Plaintiff’s first interrogatory asked defendant to provide the substance of every complaint/adverse event it had ever received related to the device at issue, including the identities of the persons who had submitted the complaints/reports.  Id. at *7.  As to the identities, the court agreed with defendant that it was barred by 21 C.F.R. §20.63(f) from providing that information.  The regulation forbids a manufacturer from disclosing any information that would identify a voluntary reporter or anyone related to the report.  Id. at *8-9.   The court also agreed with defendant that it was not required to produce “every” adverse event.  “[C]omplaints unrelated to the specific injuries alleged by Plaintiff are not relevant to any claims or defenses in this case for their inclusion to be proportional to the needs of the case.”  Id. at *10.

But, more importantly defendant raised the question of whether it should have to respond to this interrogatory at all given that the information is either publicly available through the FDA’s MAUDE database (Manufacturer and User Facility Device Experience Database) or through documents defendant already produced.  Id. at *11.  Since plaintiff had sources available to her to search for the documents she wanted, she needed to do that work first before seeking discovery from the defendant:

The Court will not order Defendant to assist Plaintiff in searching this publicly available database. A defendant need not produce information readily available to the public, including plaintiff[ ]. . . . Since it appears from Plaintiff’s argument . . .that Plaintiff’s counsel has not made any effort to access the database to date, Plaintiff has not demonstrated it is inconvenient, burdensome or more expensive to obtain the requested documents from the public records.

Id. at *12 (citations omitted).  Making defendant re-state the substance of each complaint in an interrogatory response is “duplicative” discovery that the court was unwilling to order.  Id. at *14.

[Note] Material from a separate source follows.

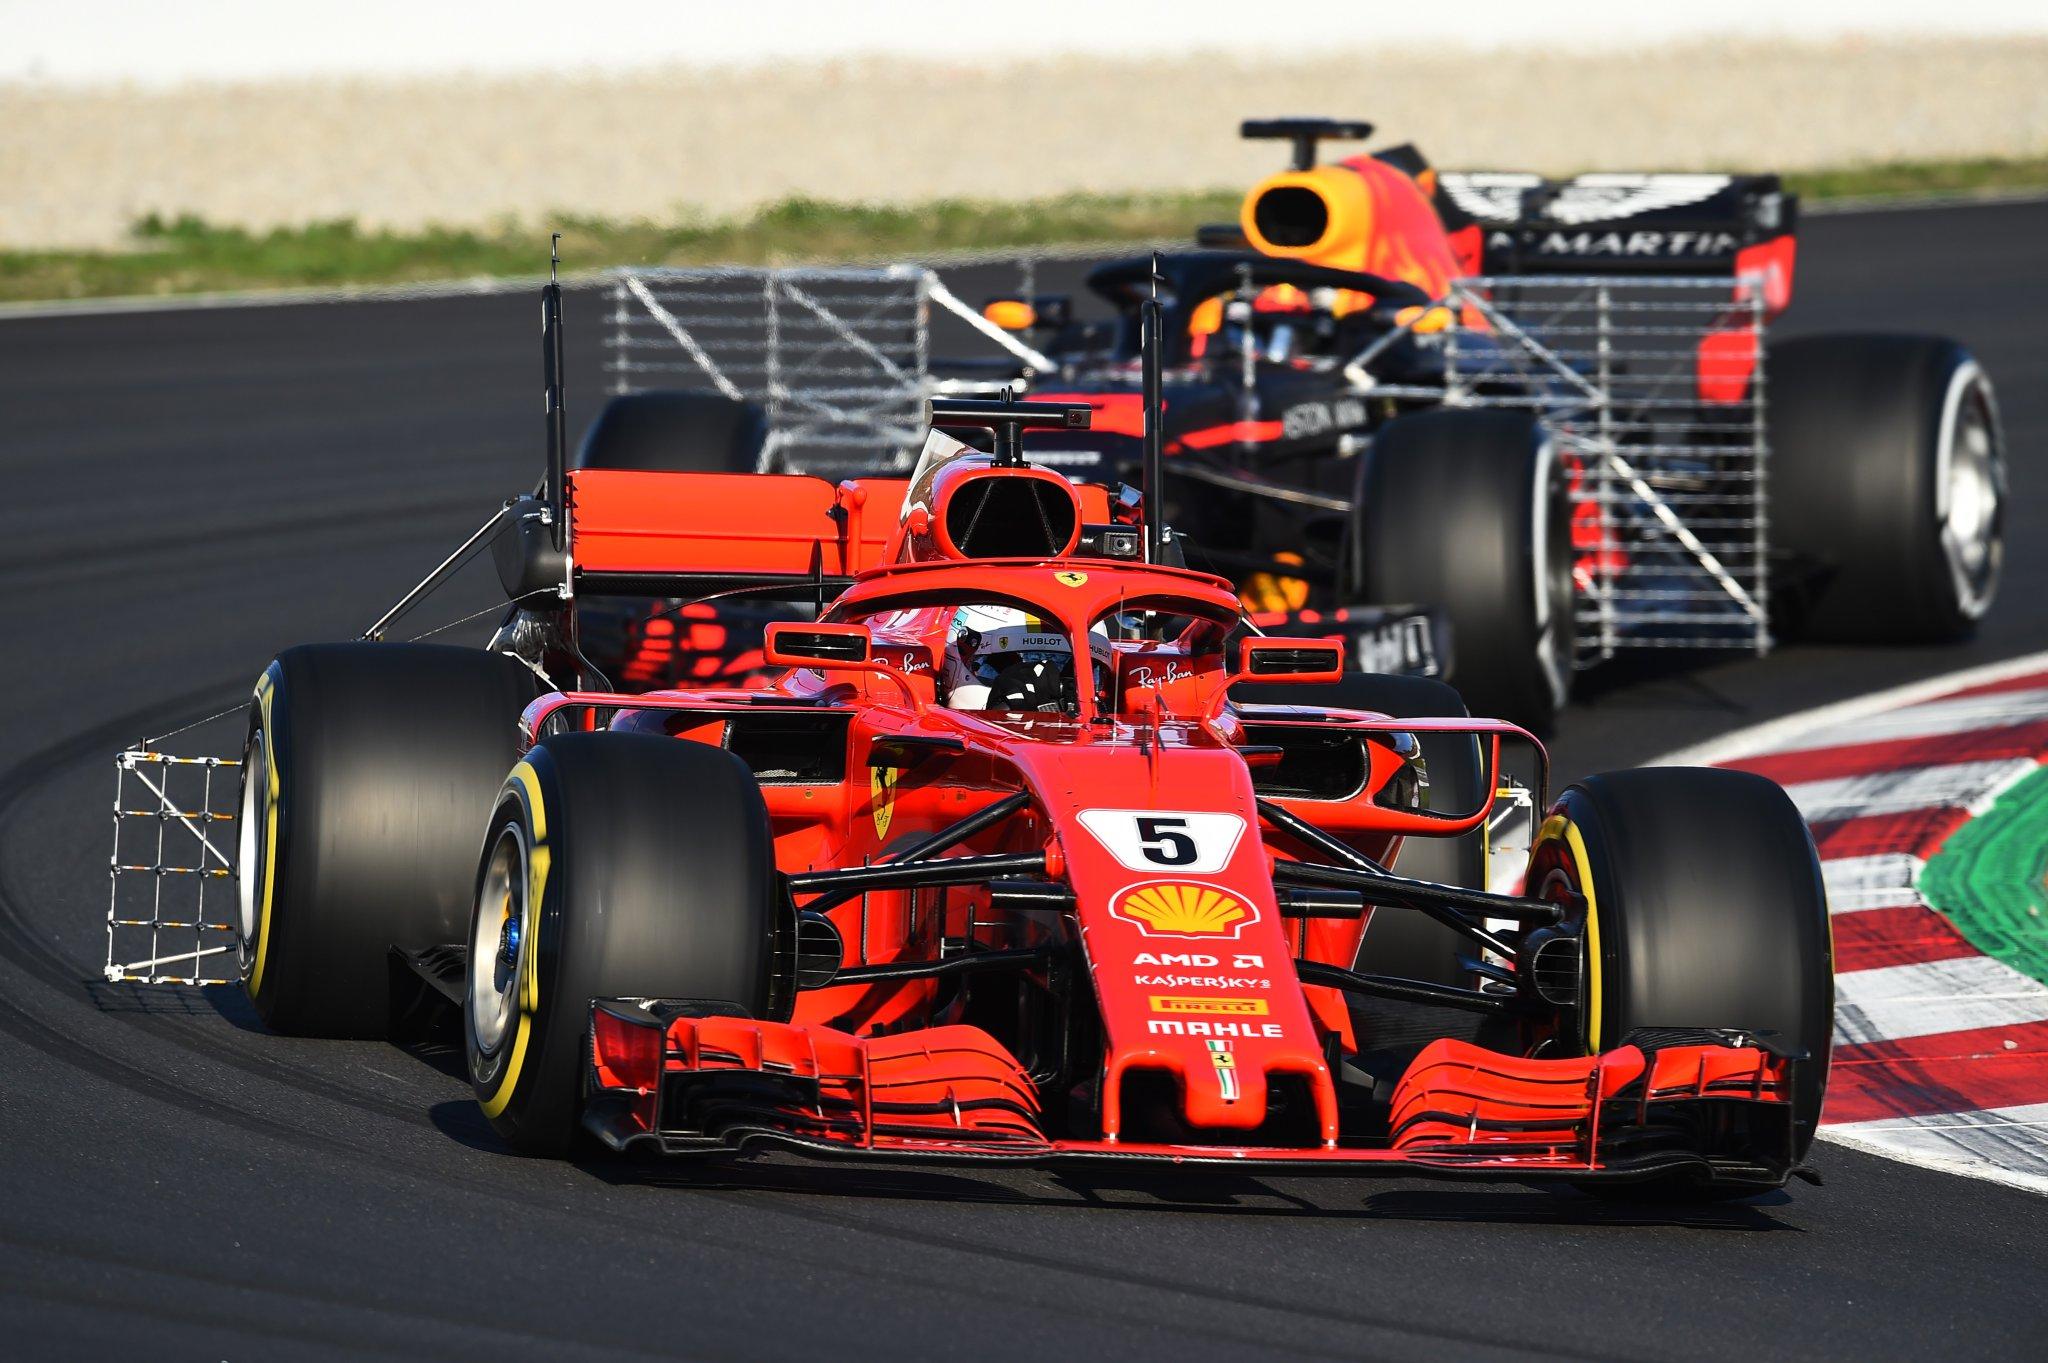 Датчики на болидах Ф1 на тестах в Барселоне

In addition to not wanting to search the MAUDE database, plaintiff also did not want to have to search the documents defendant already produced in a searchable format.  One of the upsides of electronic discovery (perhaps the only upside) is that documents are produced with metadata and full-text searchable.  Yet, plaintiffs often still insist on defendants identifying specific documents by Bates number in interrogatory responses. That overlooks plaintiff’s ability to craft her own searches which this court recognized:

The burden on Defendant of performing the necessary searches, which Plaintiff could perform herself and tailor to her own needs by utilizing different filters or combinations of search terms, would vastly outweigh the likely benefit to Plaintiff of having a list of all relevant complaints. In addition, if Plaintiff performs the searches, the parties will avoid unnecessary disputes over search terms.

Id. at *15.

Plaintiff’s second interrogatory was essentially the same as her first only expanded to include any other products made by defendant of the same type.  The court found plaintiff made no effort to show that these other products were “substantially similar” to the product at issue and therefore, the request was not proportional to the needs of the case.  Id. at *18-19.

Plaintiff also lodged an interrogatory asking defendant to identify things like the 510k number of the device, the date of FDA approval, a description of the device, and its intended uses.  Id.  at *21-22.  Defendant responded by providing the link to the FDA’s publicly available online 510k summary.  Plaintiff wasn’t satisfied but the court was:

the Court will not order Defendant to supplement its response by restating information that is already fully available to Plaintiff should she, metaphorically speaking, decide to drink the water to which she has been led.

Id. at *22.  Defendant pointed plaintiff to several public, online sources of information and nowhere in plaintiff’s motion to compel did plaintiff explain or show what requested information was missing from those public sources.  Failing to meet that burden, the court was unwilling to put an even greater burden on defendants.

So, defendants can lead plaintiffs to water . . .  and courts can make them drink.